1. Manfred Moitzi
  2. svgwrite
  3. Issues
Issue #7 open

Parsing of paths is very time-consuming

Gareth Rees
created an issue

In the interactive session quoted below, I create a drawing containing one element, a path with 5,001 commands. It takes nearly a minute to save.

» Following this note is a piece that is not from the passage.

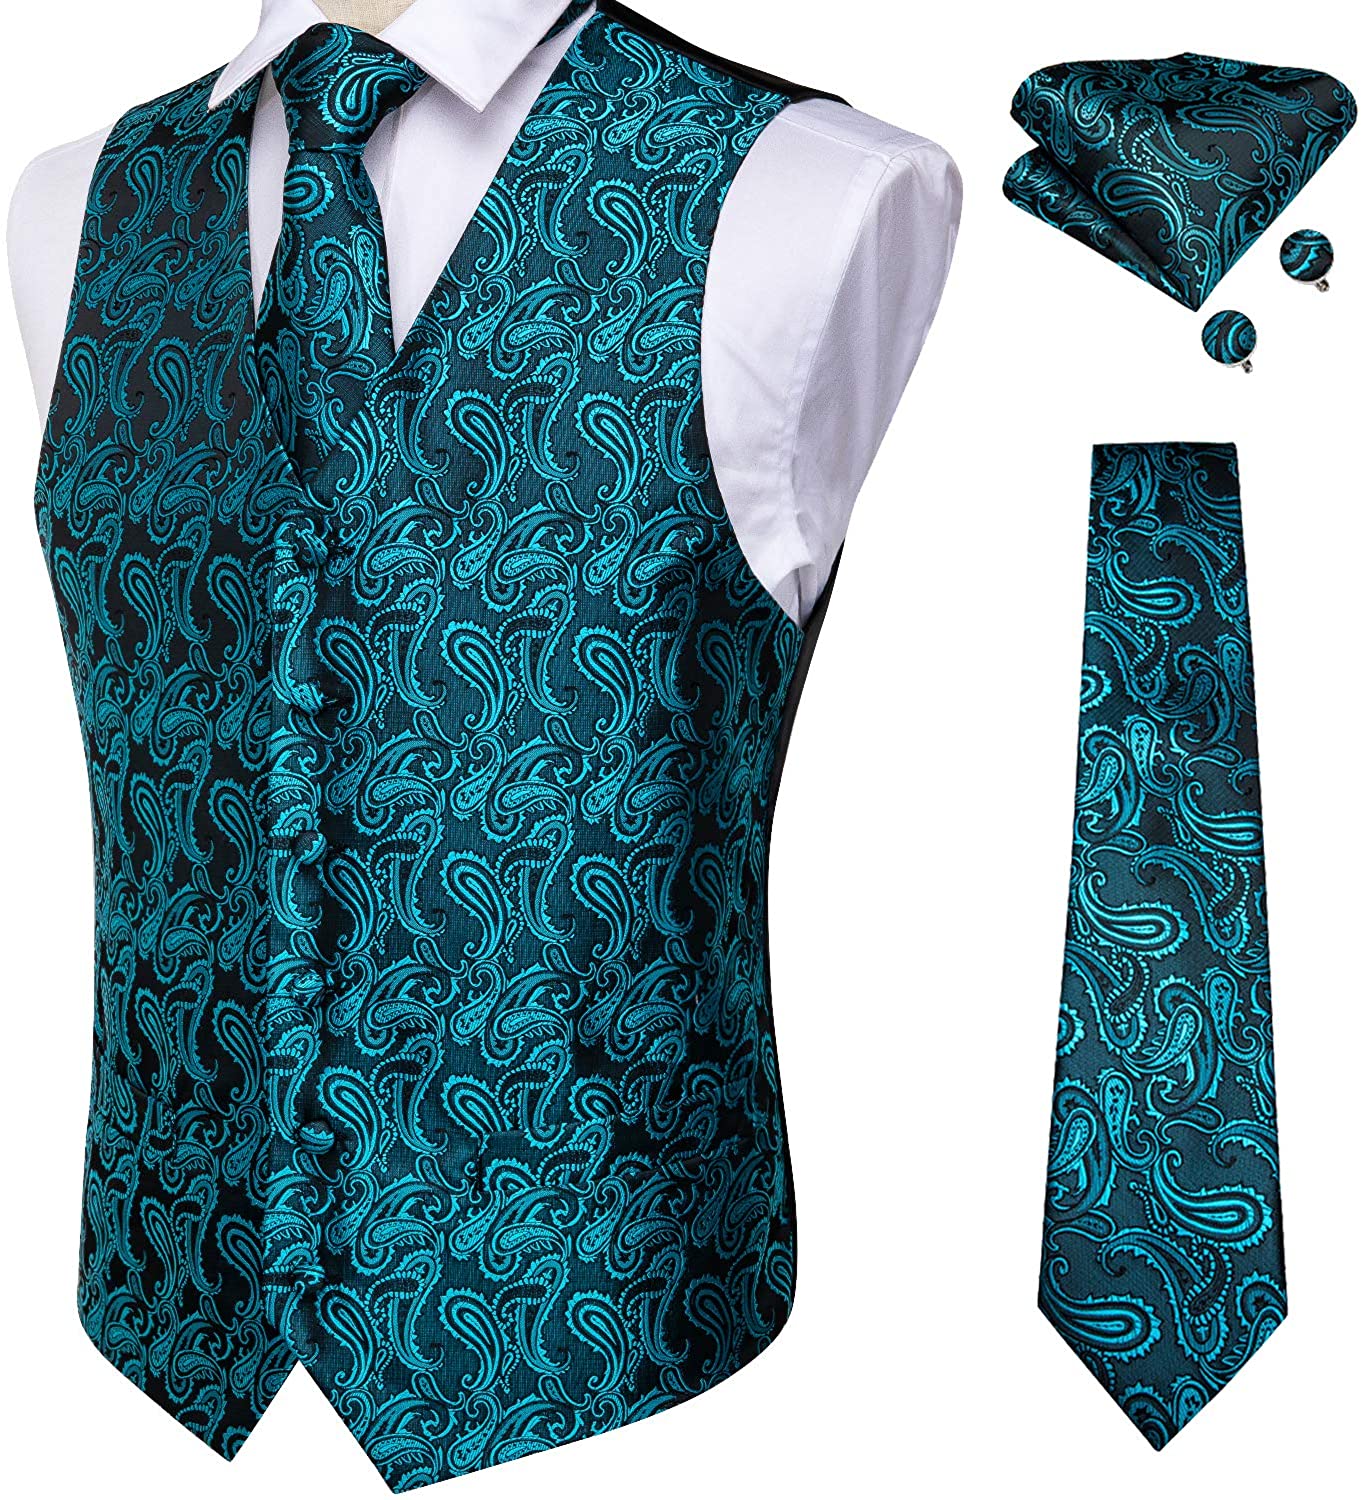 DiBanGu Men's Paisley Waistcoat and Necktie Pocket Square Cufflink Vest Suit Set for Tuxedo

Python 3.3.0 (default, Nov 23 2012, 10:26:01) 
[GCC 4.2.1 Compatible Apple Clang 4.1 ((tags/Apple/clang-421.11.66))] on darwin
Type "help", "copyright", "credits" or "license" for more information.
>>> import svgwrite
>>> d = svgwrite.Drawing(filename='test.svg')
>>> p = d.path()
>>> d.add(p)
<svgwrite.path.Path object at 0x124deadd0>
>>> p.push(['M', 0, 0])
>>> for i in range(5000):
...     p.push(['L', i, 0])
... 
>>> from timeit import timeit
>>> timeit(d.save, number=1)
59.46839178504888

With debug=False, saving is essentially instant (0.04 seconds). So clearly something is going wrong in the validation of the path. I'm guessing that the path parser has the wrong complexity: perhaps all those ZeroOrMore productions end up getting backtracked?

Comments (6)

  1. Lawrence Tattrie

    Using python 2.7 and an Intel i7 3GHz, the debug=true save, shown below, takes only 2.1 seconds so performance of the debug is great for me. A different plot, not shown, with 10,000 points and debug=True took 14 seconds to save which is more time but good to me.

    import svgwrite
    import time
    progname = 'test_save_perf'
    def create_svg(name):
        #dwg = svgwrite.Drawing(filename=progname+'.svg', debug=False)
        dwg = svgwrite.Drawing(filename=progname+'.svg', debug=True)
        p = dwg.path()
        dwg.add(p)
        p.push(['M', 0, 0])
        for i in range(5000):
            p.push(['L', i, 0])
        starttime=time.time()
        dwg.save()
        endtime=time.time()
        elapsedtime=round(endtime - starttime,1)
        print ("Script "+progname+" ended at "+time.asctime()+". Elapsed time is "+str(elapsedtime)+" seconds.")
    if __name__ == '__main__':
        create_svg(progname + '.svg')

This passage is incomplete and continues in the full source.